In other words,do the number of release by a publisher correlate by the total revenue by publisher?
temp= game[game$Publisher %in% top10pub$Publisher,]
temp = temp %>% group_by(Publisher) %>% summarise(totalsale=sum(Global_Sales)) %>% arrange(desc(totalsale))
temp = merge(top10pub,temp,by="Publisher")
ggplot(temp,aes(x=count,y=totalsale,col=factor(Publisher),size=totalsale))+
geom_point(alpha=0.4)+theme(legend.position="bottom",plot.title = element_text(size=10,hjust=0.5))+labs(title="Number of Games Vs Total Sales",col="Publisher")
It can be seen from the graph that there exists no correlation between the total sales and number of games released.
Below is the gist of all the insights gathered from the dataset:
Electronic Arts is the top gaming release platform followed by Activision and Namco Bandai Games.
Sales seems to be in the downward trend after 2008 and the trend is continuing till 2015
19.9 % of the total games released were from Action genre followed by Sports contributing to 14.12% of the games.
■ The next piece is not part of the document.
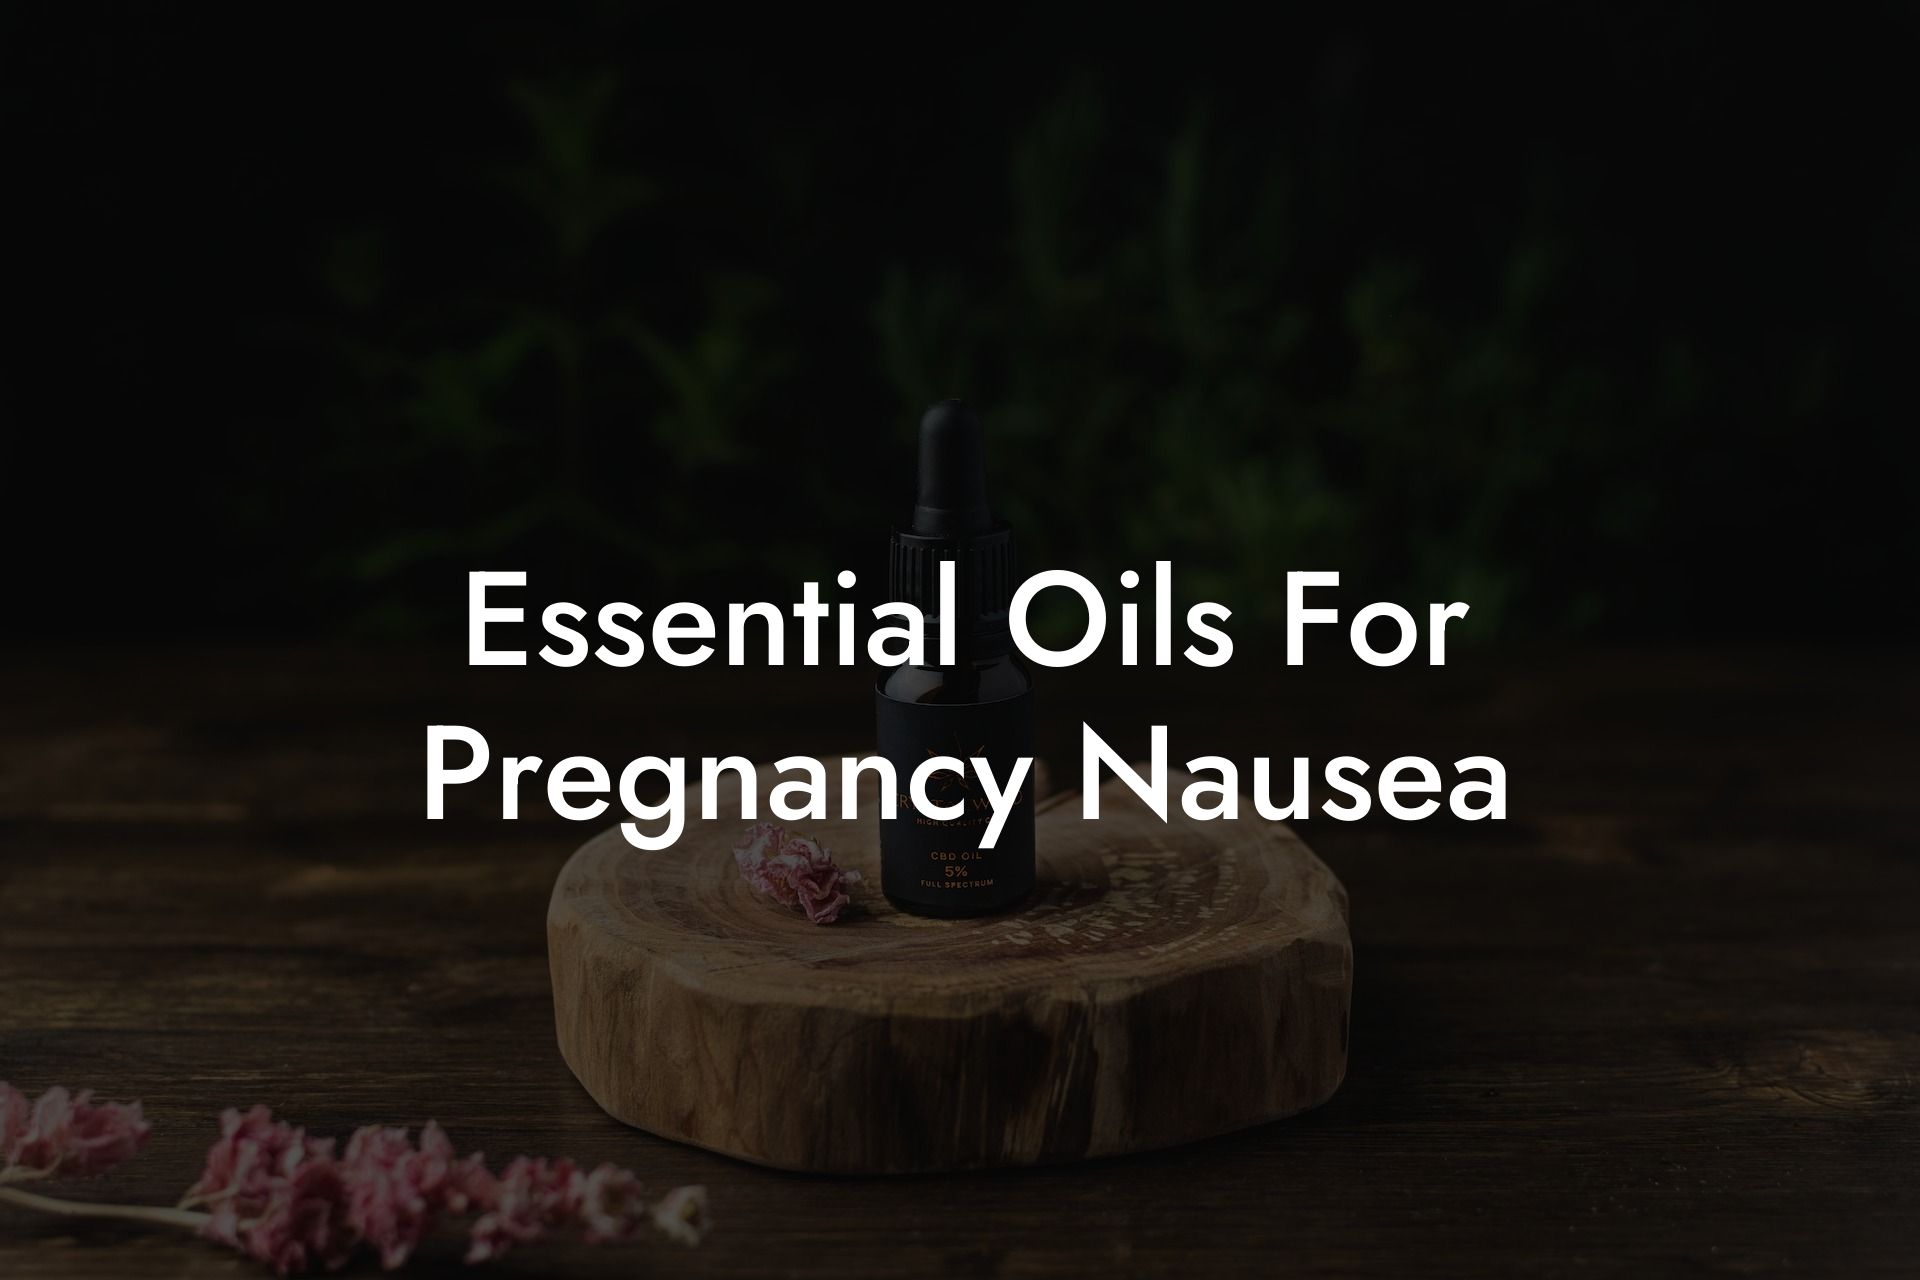 Essential Oils For Pregnancy Nausea

The dominance of the Action games in the year 2012 where other genre releases have shown a downward trend compared to previous year ,Action games seemes to have a spike from previous year.
Sports is dominating the Global Sales.Individually , it has minted out higher in Europe,and North America.In Japan,Role Playing games have more value for money.While,racing games comes second in Europe,in North America,Platform games occuply the second slot.
Nintendo dominates the market with 17 of the 20 top games released.
There exists no correlation between the total sales and number of games released.